Church does not seek old privileges, Jesuit leader says

By Gerardo Arreola

From the Mexican newspaper La Jornada

HAVANA – Cuba’s Catholic Church is not looking to regain its privileges of the past but hopes that its faithful will have a space in a pluralistic society, said Jorge Cela, who this month assumes authority over the Jesuits in Latin America.

Among Cuban Catholics “there is a desire to regain the social space, which doesn’t mean a privileged social space but an egalitarian one,” Cela said. They want “to participate like Christians, like all other citizens, and give the Church a chance to make itself felt.”

Cela, 71, Superior of the Society of Jesus in Cuba, was just named chairman of the Conference of Provincial Jesuits of Latin America, based in Rio de Janeiro. One of the figures with the greatest intellectual renown in the region’s Catholic community, he directed the only national survey (1998-2004) made into that denomination on the island in the past half century.

 “In a way, the Constitution guarantees freedom of religion, says that everyone may believe in whatever they want, but I don’t think there is an acknowledgment of the plurality of beliefs within the social framework,” he said. “That is the road, I think. What’s being said is ‘Let us acknowledge the diversity of beliefs within the Cuban social framework […] not only individually, in the private, personal environment, but also in the social environment.’”

–A public functionary can declare himself Catholic, for instance?

– That is becoming easier. Also, access to studies. To express oneself as a citizen in public activities, in the media, and have a presence like any other citizen, that’s the social space we’re asking for. I think that it is very significant that the Church is not thinking about returning to the past, to the spaces of privilege…

–Are you referring to the 1950s?

–Yes. That did not appear in the survey and there were questions that asked specifically about it. “Do you think that the Church should have more power, or do you think that the Church should be more open to participation?” Almost no one answered that it should have more power […] History dismantled many things that the Church had. In other countries, some people would like to dismantle everything [the Church] has. Here, it happened that we were dismantled. This way, we can start from the bottom.
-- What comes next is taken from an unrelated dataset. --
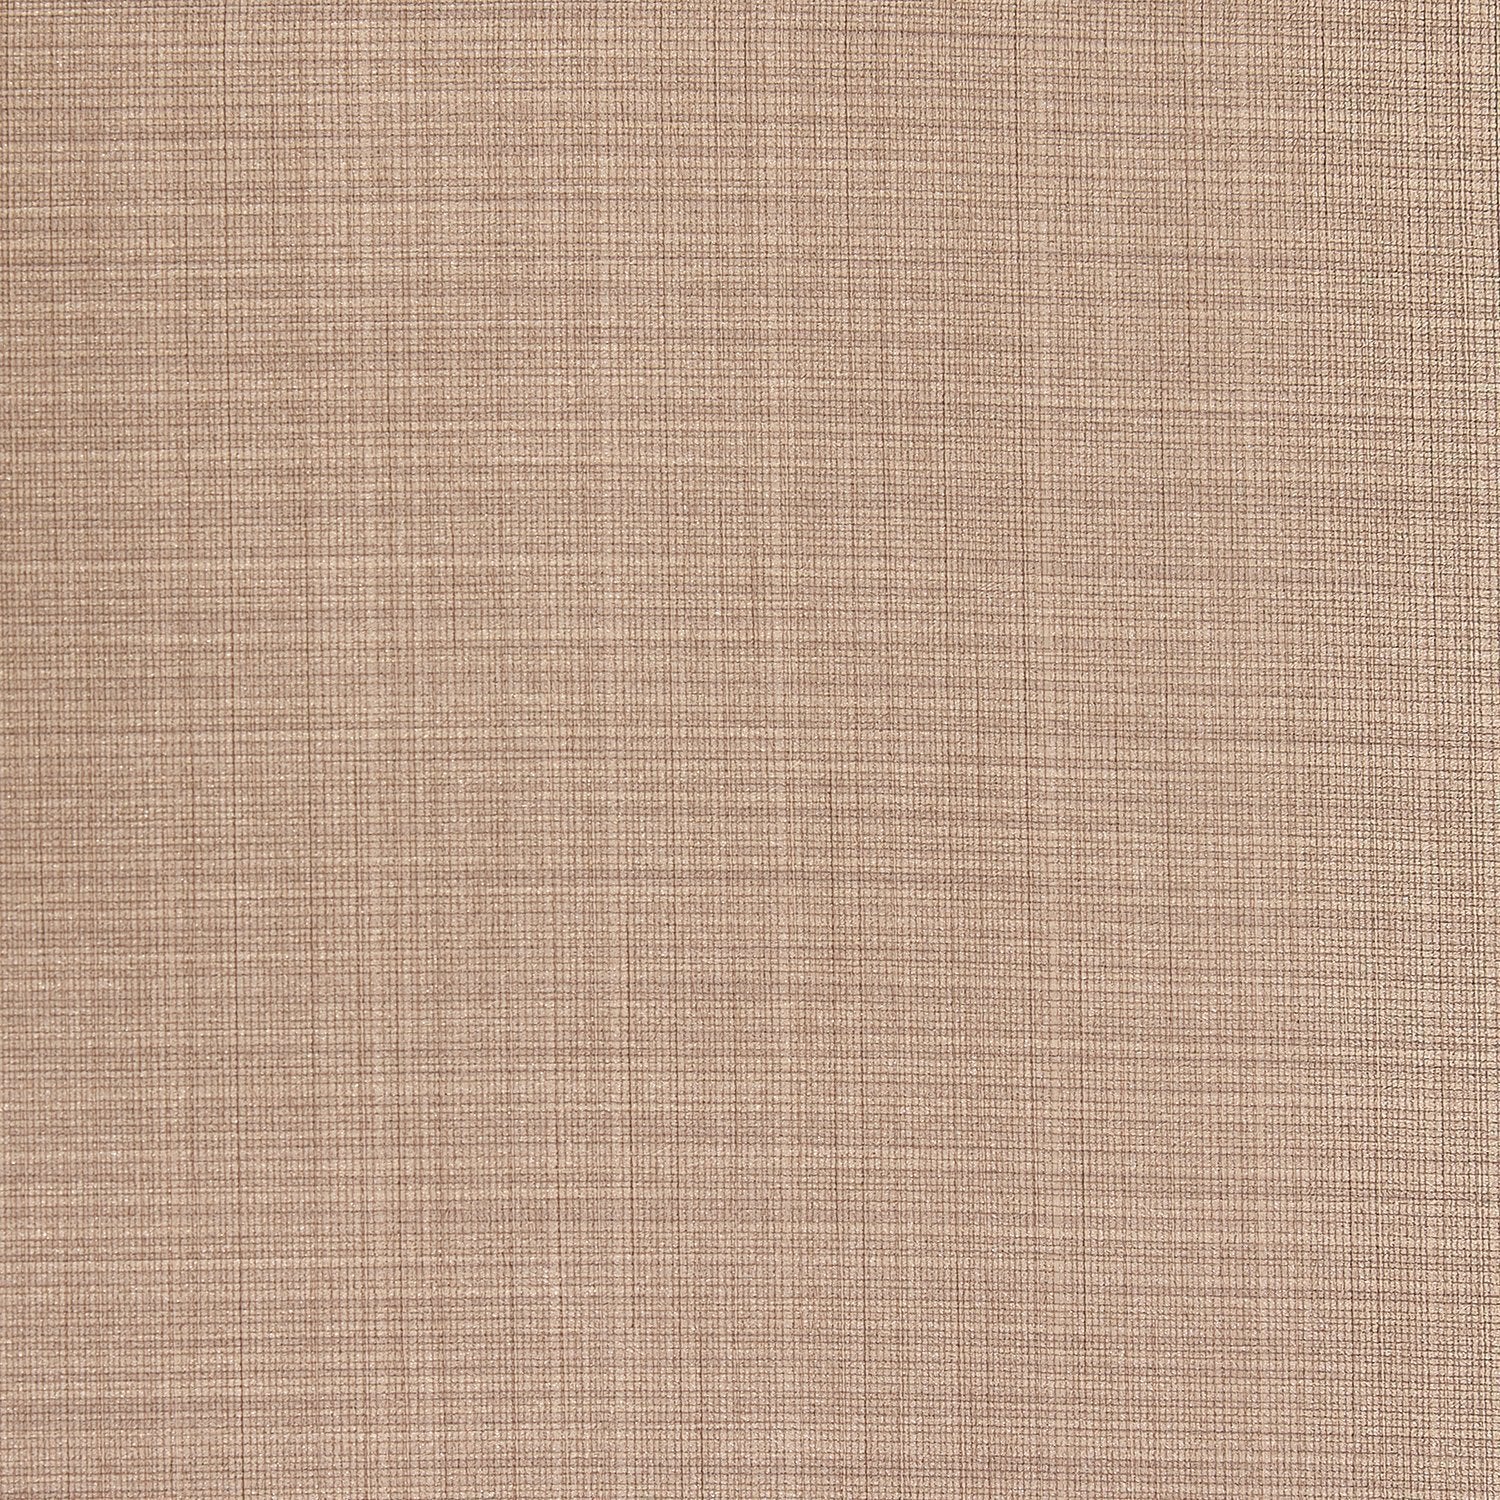 Angles Silk - Y47598 - Wallcovering - Vycon - Kube Contract

In the Catholic Church, during the construction of socialism in Cuba (1994), Raúl Gómez Treto came to the conclusion that in the 1950s that institution “enjoyed preferential treatment” vis-à-vis other denominations and had “a unique social, economic and political weight.” With a clergy of mostly conservative Spanish priests, it owned four seminaries, more than 200 schools, three universities, more than 40 shelters, eight hospitals and dozens of other institutions. In 1956, out of 6 million inhabitants, 72 percent described themselves as Catholic.

After the 1959 revolution, almost all Church goods were seized and the State assumed total control of education and health care. Some Catholics went over to the opposition, some bearing arms; some priests and religious people were expelled and some left on their own. Part of the clergy encouraged emigration, in concert with the United States, and the Church shrank on the island.
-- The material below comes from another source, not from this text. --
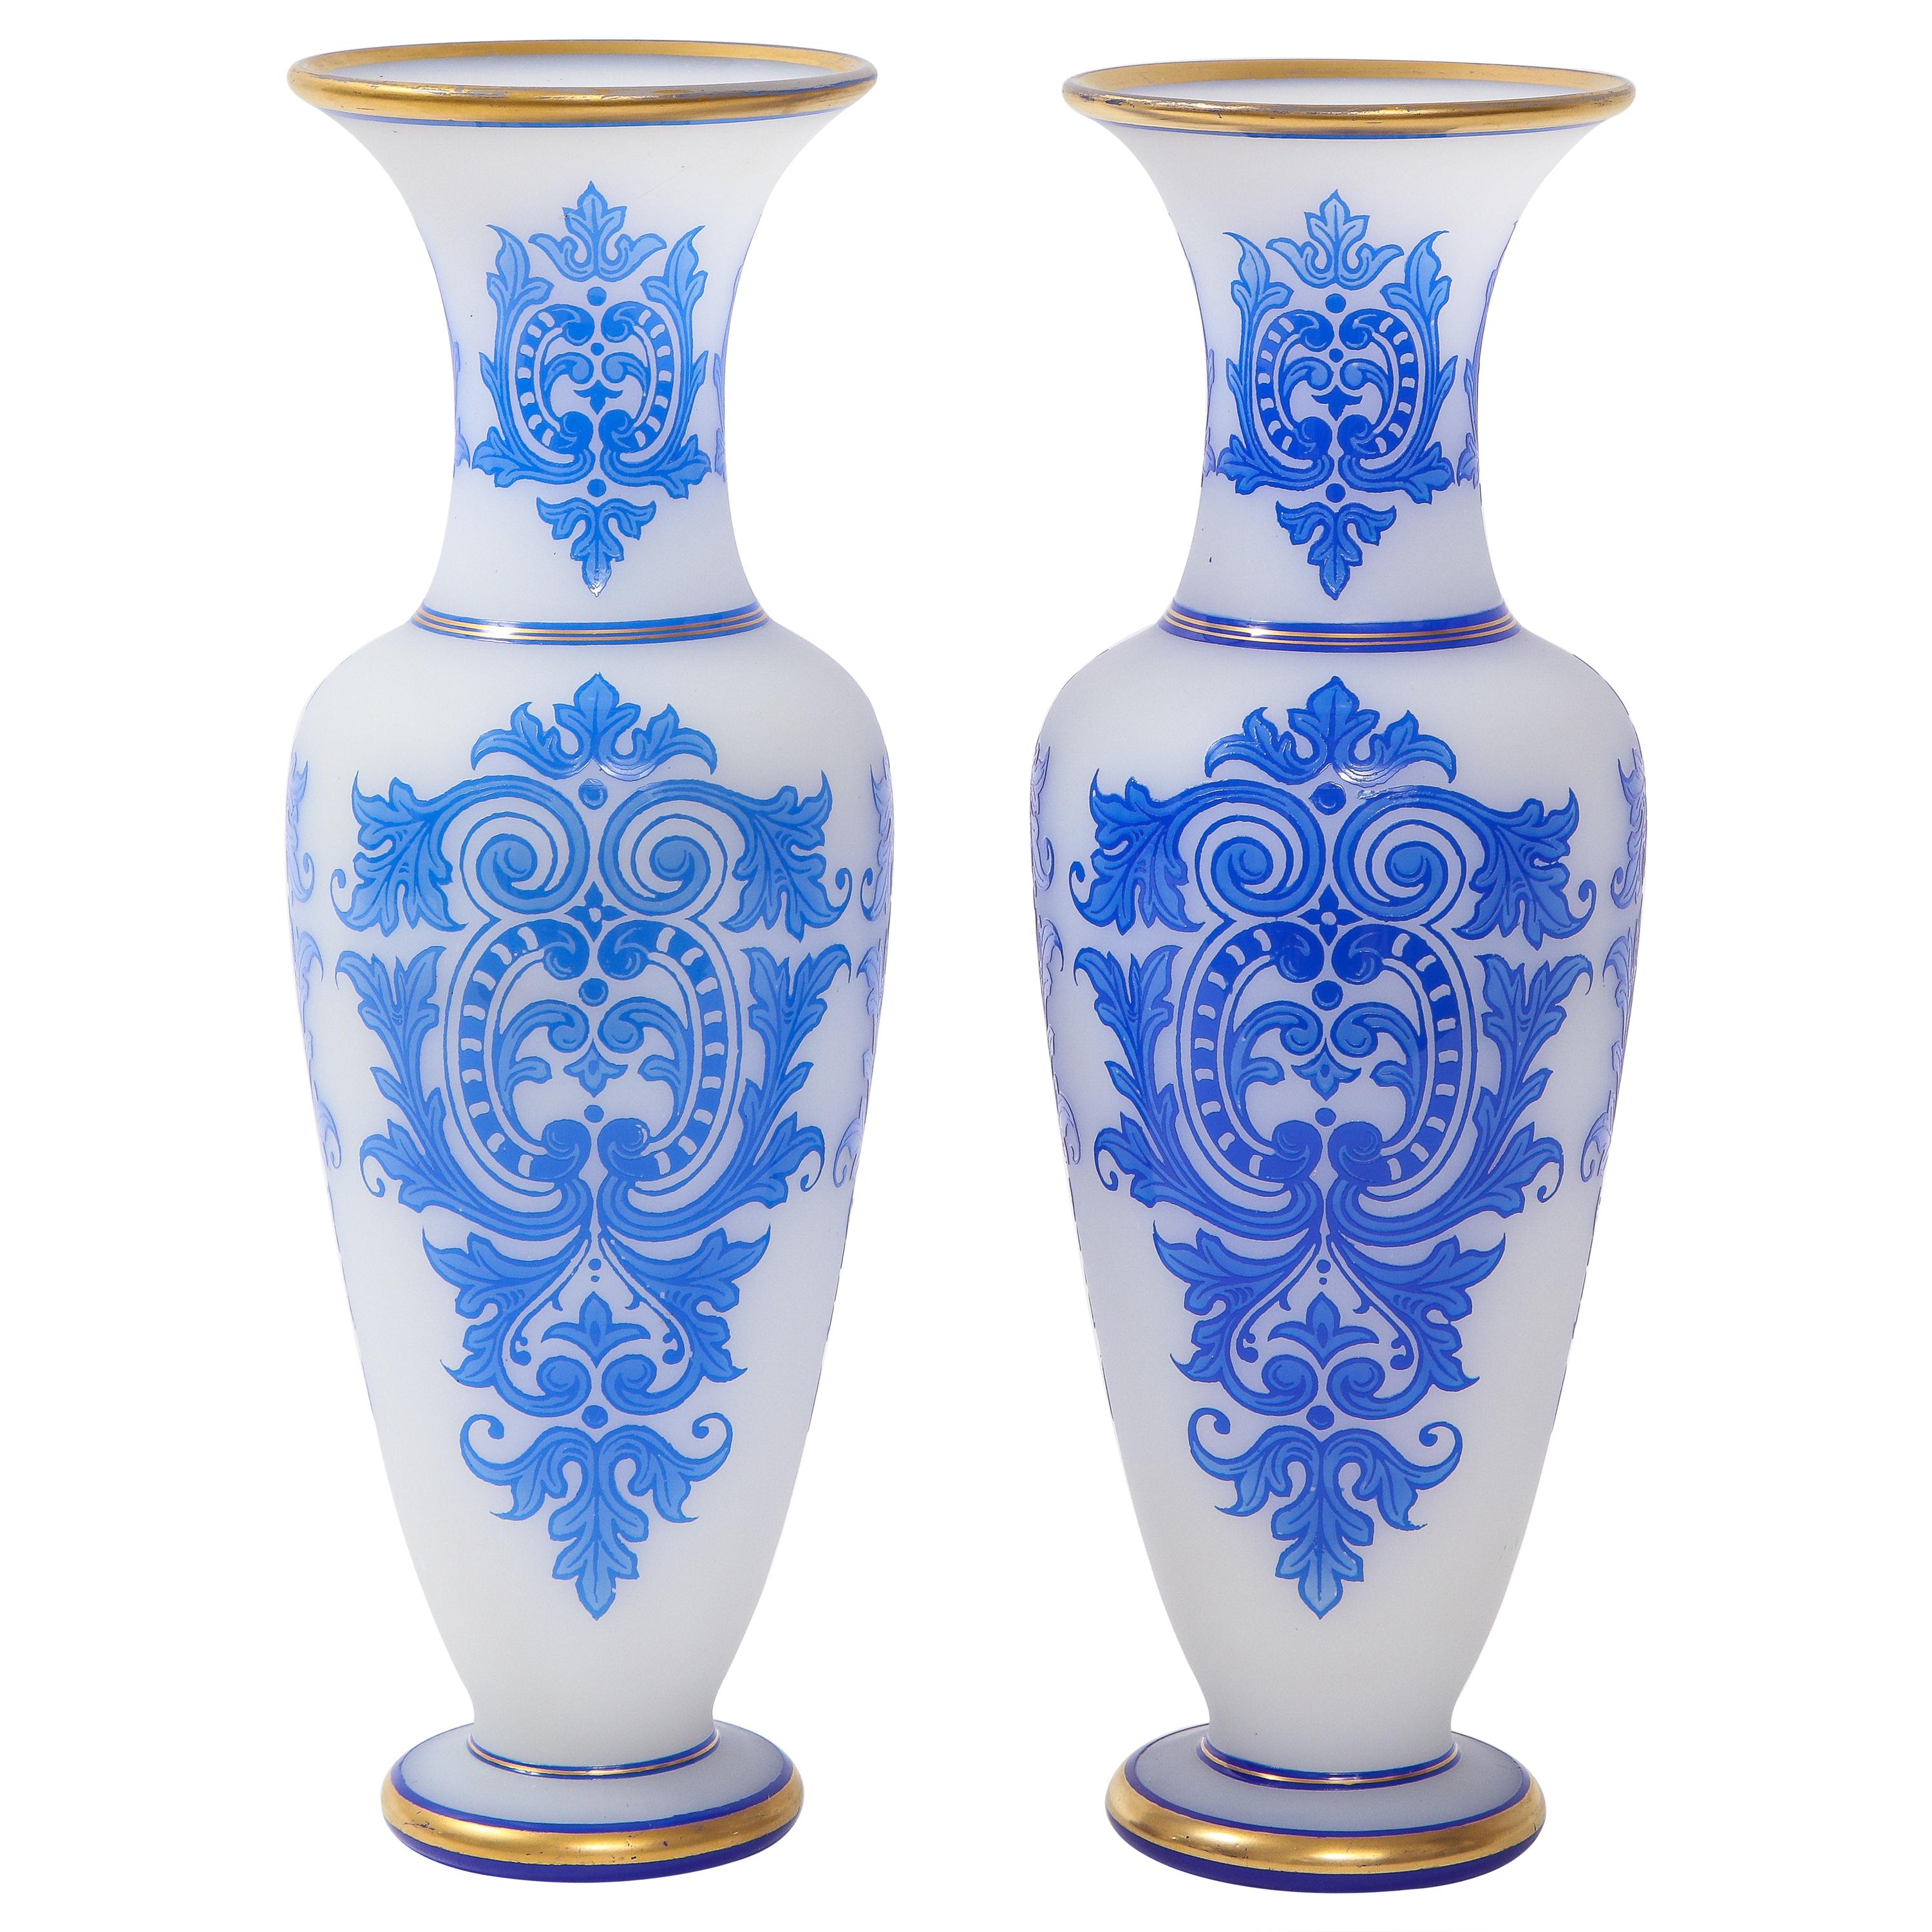 Pair of Baccarat Double Overlay Blue Over White Opaline Vases w/ 24k Gold Decor

–In contrast with that period, it seems that now the Church stresses its nationalist attitude.

–That’s not new in the Church. Of course, Cuba was a colonial country and the Church came here during the colonization. But from earliest days there were figures in the Church that displayed – along with a very strong nationalism – a very strong ecclesial presence, too.

From the earliest days, there were tensions within the Church for precisely that reason, because of national pressures of independence. The Church has many figures who built much of the Cuban nationality. It could never be said that the Church identified with the United States or with foreign governments. One might say that some priests did, under certain circumstances, but [the tendency] was not very significant.

–Were those specific instances?

–I believe yes. Evidently, there were sectors that supported the Revolution with great force from within the Church. In the 1960s, when nobody was talking about a dialogue between Marxists and Christians, the declaration of Marxism provoked the strongest tensions. It wasn’t a matter of the Church being linked to the United States or Spain.

Cela said that, in the conflict, some people “had to decide between leaving the Revolution or leaving the Church in some manner,” although the desire for “a social presence” of Catholics persisted.

Now the government is returning the clergy’s belongings. When the survey was made, it was estimated that little more than 1 percent of the population (110,000 out of 11 million inhabitants) went to Sunday Mass. In the past decade, that number increased “slowly,” Cela said. “The Cuban people are very religious. After all, they have the Spanish and African traditions, both with a strong religious bent,” even though it’s not expressed in an ecclesial organization.

The Jesuit stressed that a greater freedom to express popular religiousness is evident, as shown by the 16-month journey (2010-2011) of the Virgin of Charity, when even the smallest towns held massive demonstrations.

While the visit of Pope John Paul II to Cuba in 1998 was “a key moment” in the improvement of the Church’s relations with the State (which “have strengthened” in recent years), Benedict XVI’s visit in three weeks “will go farther down that road.”